Analysis Of "The Lion King" Movie

Having not seen The Lion King before and watching it with a critical lens about punishment, I have learned to watch films from opposing point of views and create various arguments as to how, not only The Lion King, but multiple Disney films can relate to intersectionality, punishment and carceral politics. Furthermore, I can now make connections from The Lion King to my social locations as a first-generation, middle-class WOC, such as associating my social class to the hierarchy of classism prevalent in The Lion King. For instance, Mufasa and the other lions are viewed as upper-class, the hyenas are viewed as lower-class and the other animals living in Pride Lands are of middle-class. In addition, I can also make connections to my personal history, such as Mufasa and Scar’s sibling rivalry and fight for authority to my sister and I’s fight for domination within our household.

As for the specific uses of punishment depicted in The Lion King, an apparent observation was Scar's tactics for control, dominance, and his forcible confinement. By using a gender-based lens, this observation reminded me of Davis' article on how gender structures the prison system. For instance, state-inflicted corporeal punishment and physical assaults have been used as a means of policing gender towards women within prison systems (Gurusami 2018). In addition, through the absence of women in power in The Lion King, Davis addresses how institutions such as prisons are highly sexualized towards women, such as the notion that men in prison are deviant, and women in prison have mental health issues (Davis 2003).

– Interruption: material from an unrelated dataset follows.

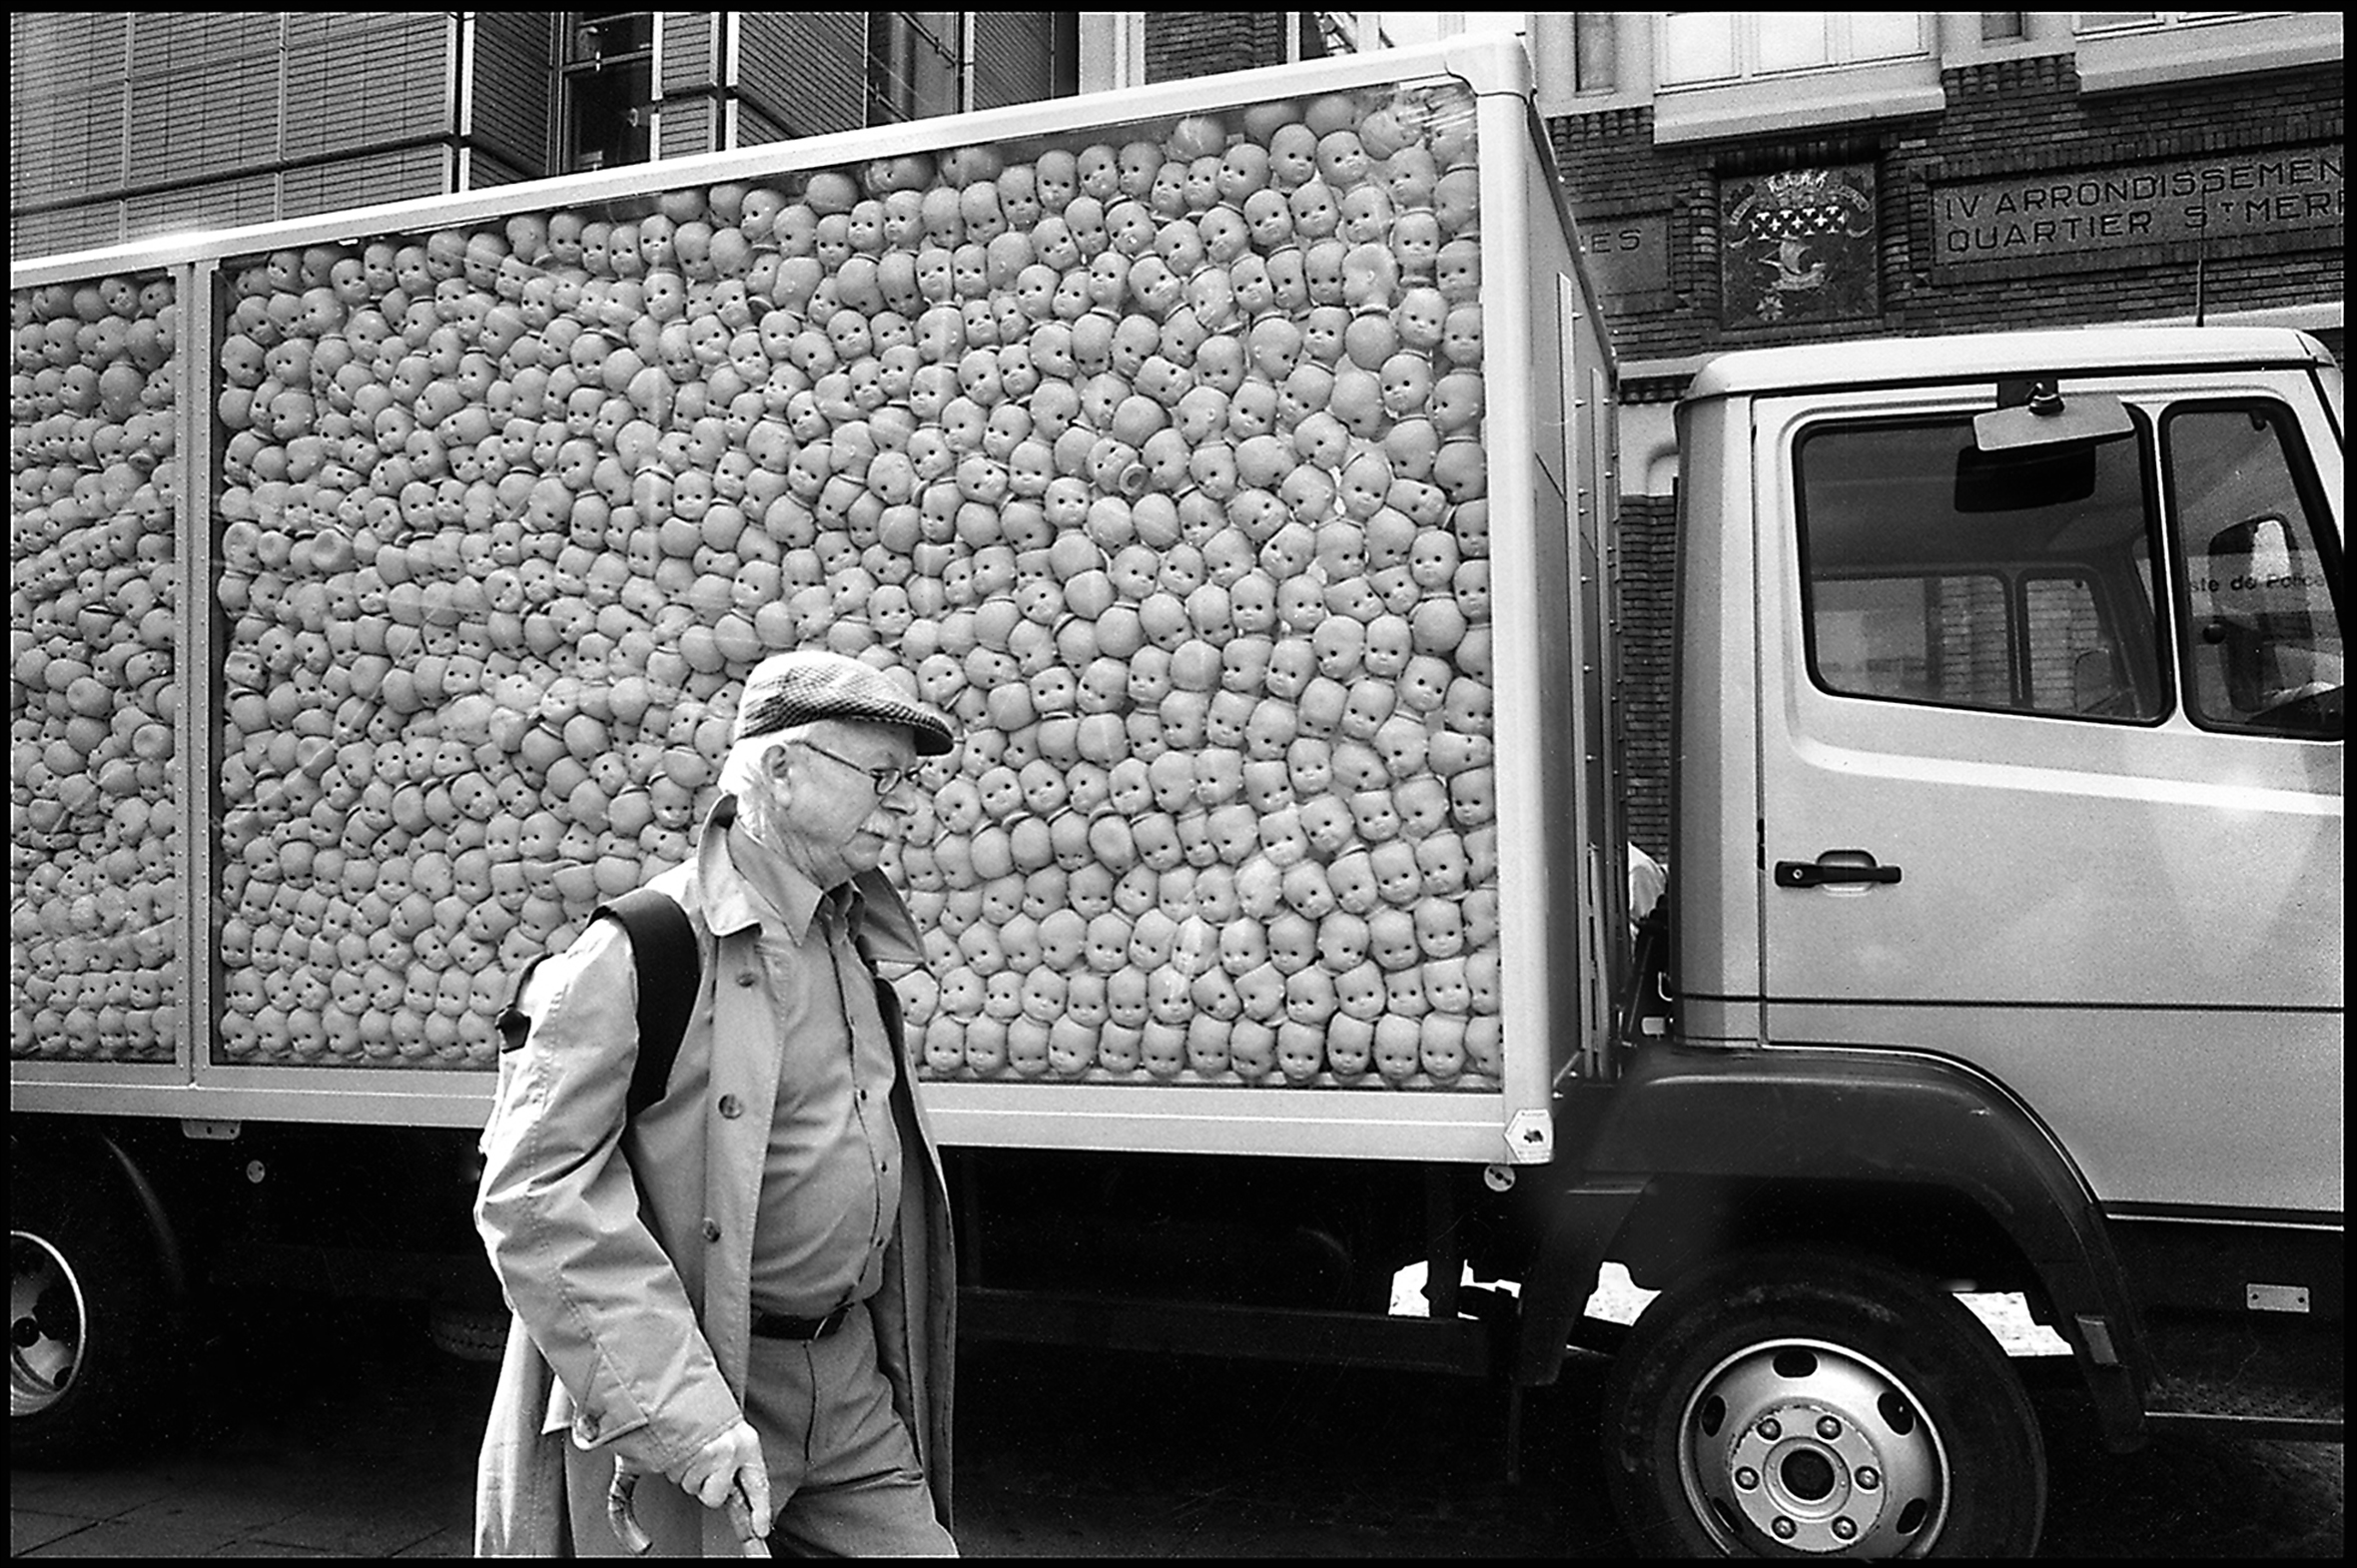 An old man with a cap and gray hair peeking out and a gray moustache is walking by the transparent side of a delivery truck filled with hundreds of identical small, white, bald, doll heads staring out.

Given these examples, I have learned to connect my social locations and use my personal history to grasp a better understanding of The Lion King. In regard to carceral politics, Route 66 discusses the 100 to 1 disparity and racial disproportions within prisons, such as higher incarceration rates for women and POC (Gurusami 2018).

In comparison, there is a separation within The Lion King’s environment that is sexualized and hostile towards lionesses. For example, Nala, Sarabi and Shenzi are deemed as helpless, unprivileged and subordinate due to rigid gender roles, all of which softens the image of women. However, Nala is dominant and physically more capable than Simba, hence her actions of repeatedly pinning him down. This relates to the marginalization towards women within the prison system, and how criminality and sexuality intersect in a way that deviant women are viewed as obstructing rigid gender roles and social norms (Davis 2003). Furthermore, given the history of US prisons and their gendered approach to reintegrating women back into society, deviant women are only seen as female subjects whose main purpose is to become better wives and mothers, and this relates well to the lionesses in The Lion King, seeing as their main purpose is to take care of their children and tend to their husbands (Gurusami 2018).

Another example of carceral politics and classism in this film is that the hyenas are like people with criminal convictions, people in prisons and lower-class men as opposed to the leaders of Pride Lands, the government and Upper-class elites who possess greater power, control, and stability. Another form of marginalization within The Lion King is the dislike and racism directed towards Scar and his deeper complexion in comparison to the other lions. I believe we are influenced to dislike Scar in this film, due to his accent and femininity, all of which are evolved around stigmas. As stated in Palmater's reading, racialized violence, the abuse of power and sexism is at the forefront for police treatment within Canada, and racism is a heavy influence within the police and justice system (Palmater 2016). Having said that, I believe the above examples are of great importance when looking at the punishment, carceral politics, and intersectionality within The Lion King.